Keywords: Head and neck cancer; radiation therapy, reconstructive surgery, salvage surgery
|How to cite this article:|
Chaudhari C. Reconstruction in previously irradiated patients. Indian J Plast Surg 2007;40, Suppl S1:60-4
| » Radiation Biology|| |
In 1901 when Becquerel left a vial containing 200 mg of radium in his breast pocket for 6h, he was surprised to find that after initial erythema the lesion progressed to frank ulceration and refused to heal for a quite long period.  This led to the recognition of the harmful effects of ionizing radiation. When radiation comes in contact with biological tissues, energy is absorbed from it, leading to excitation of electrons or ionization of the atoms or molecules comprising these tissues.  Radiation of sufficiently high energy to completely eject one or more electrons from an atom or a molecule is said to be ionizing. Ionizing radiations may be electromagnetic or particulate. X-rays and gamma rays are types of electromagnetic radiation while particulate radiations consist of electrons, protons, neutrons, alpha particles and pi-mesons. Exposure of living tissues to such radiations may result in death of a cell. If that cell happens to be cancerous, it is considered therapeutic and if otherwise it is detrimental to the normal tissues.
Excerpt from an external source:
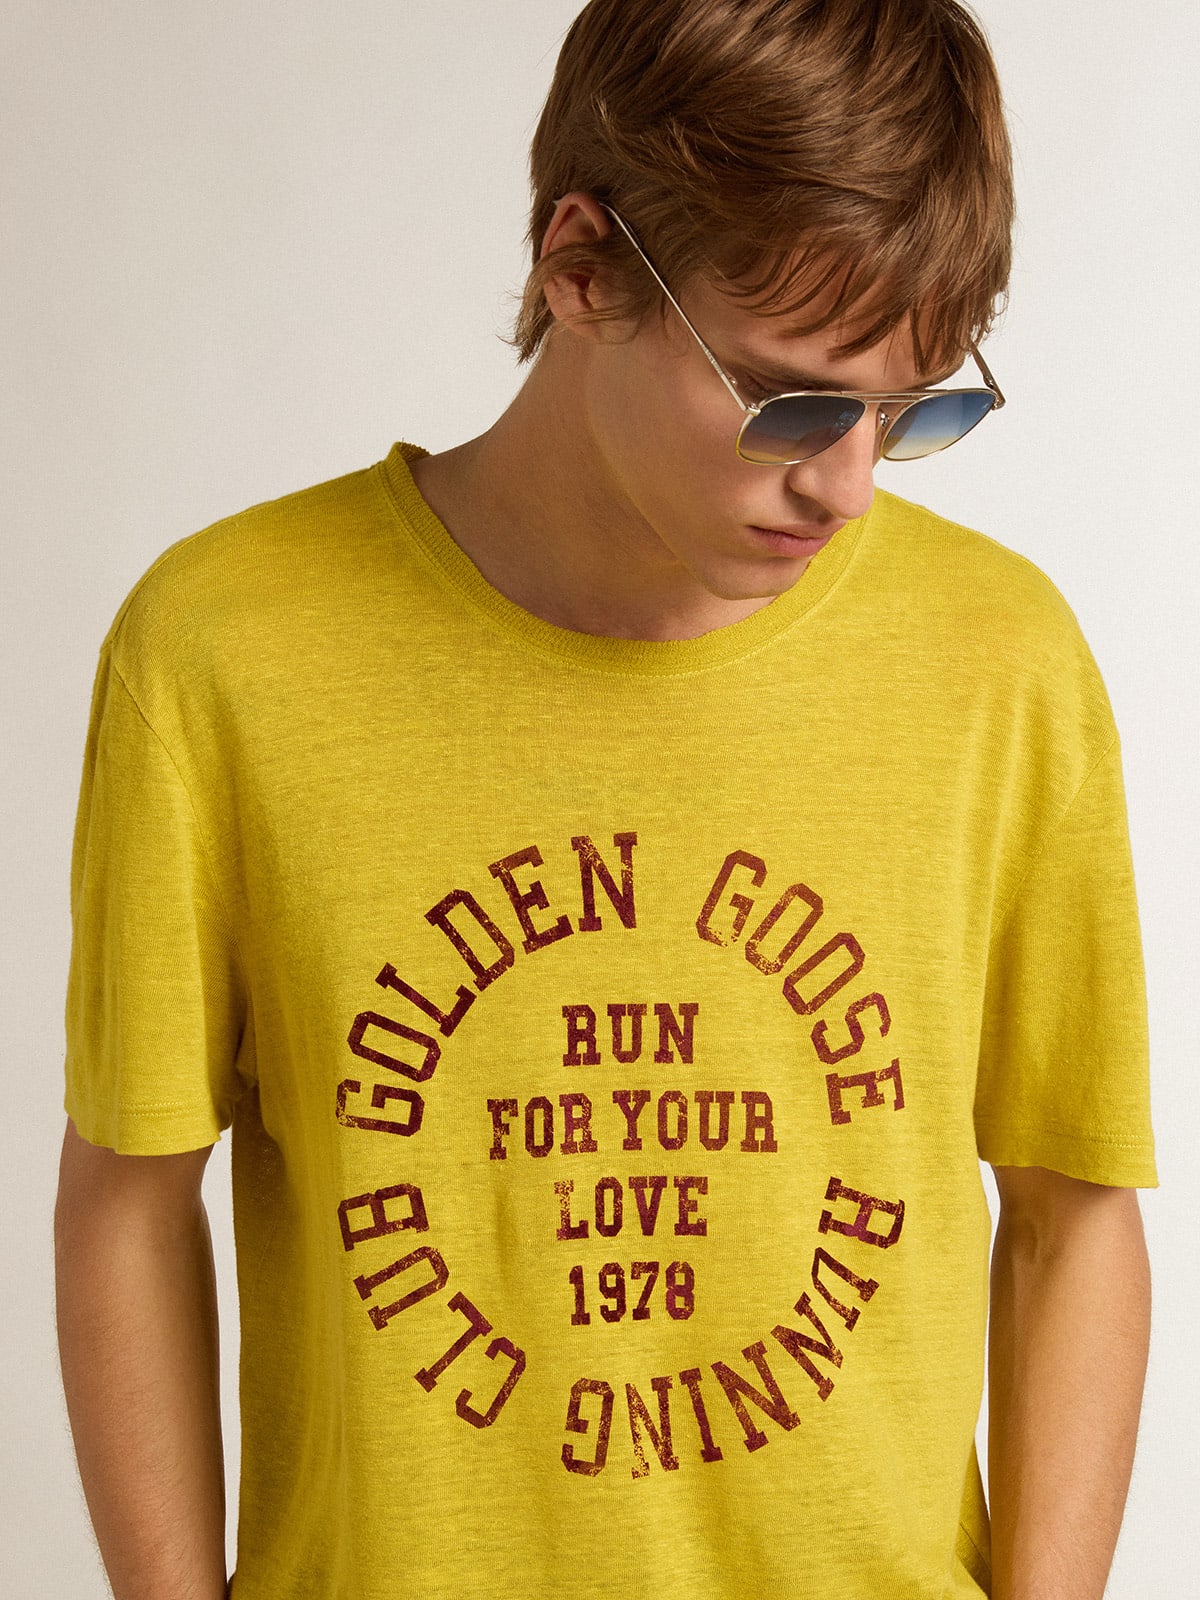 Golden Goose - T-shirt homme en lin jaune maïs in

Therapeutic radiation may be delivered to the target tissues in two forms. Sealed radioactive sources may be kept directly in contact with the tissues via interstitial or intracavitary route. This method is called Brachytherapy and it delivers a high dose to the target tissues with rapid falloff into the surrounding tissues. The use of external beam radiation using gamma rays (produced by remotely placed radioactive sources e.g., cobalt, caesium) or X-rays (produced with linear accelerators orthovoltage machines) or particulate beams of electrons or protons is termed Teletherapy.
This beam of radiation while travelling in tissues goes on depositing its energy in the tissues in a predictable way. From the surface the amount of energy getting deposited goes on increasing. This is termed the region of dose build-up. The maximum dose is deposited at a certain distance from the surface (called D max ) after which the beam is attenuated by the tissues. Higher the beam energy longer is the dose build-up region. Linear accelerators produce high-energy megavoltage beams capable of deep tissue penetration and are replacing the orthovoltage machines. Therefore they are skin-sparing. There may be times when maximum dose has to be given at a depth lesser than the D max then a material is placed directly on the skin to act as a tissue. This tissue compensating material is called a Bolus .
Radiation may act directly upon a critical target within the cell (usually the DNA, possibly cellular membranes or microtubules) and cause the resultant damage or may act indirectly through free radicals. The lifetime of free radicals measured in milliseconds, is increased by the presence of oxygen.  Therefore cells irradiated in the presence of oxygen are two to three times more sensitive to the same dose than in an anoxic environment. Presence of oxygen is thought to make the DNA damage irreparable. Some of the tumour cells in the body may be surviving in a relatively hypoxic environment making them less radiosensitive. In general cells are most sensitive in the G2-M stage of cell cycle, while they are most resistant in the S phase.  To catch the tumour cells in the act of division it is necessary to fractionate the total dose of radiation over a few days. Fractionation also allows the normal tissues to repair themselves.
| » Radiation Effects|| |
When considering the effects of the radiation on the tissues four parameters need to be considered - total dose, dose fraction size, total volume treated and elapsed time. At this point it will be appropriate to define the unit of dose i.e. The Gray: A unit of absorbed radiation equal to the dose of one joule of energy absorbed per kilogram of matter or 100 rad. The unit is named after the British physician L. Harold Gray (1905-1965), an authority on the use of radiation in the treatment of cancer. The abbreviation for a gray is Gy. Complications increase when the dose exceeds 60Gy and rapidly rise when the dose is above 70Gy. For a given dose of radiation normal tissue tolerance reduces when larger volumes are irradiated. Prolonging the overall treatment time allows tissues to repair themselves reducing acute reactions. When few and larger doses are given, late and chronic reactions tend to be severe. 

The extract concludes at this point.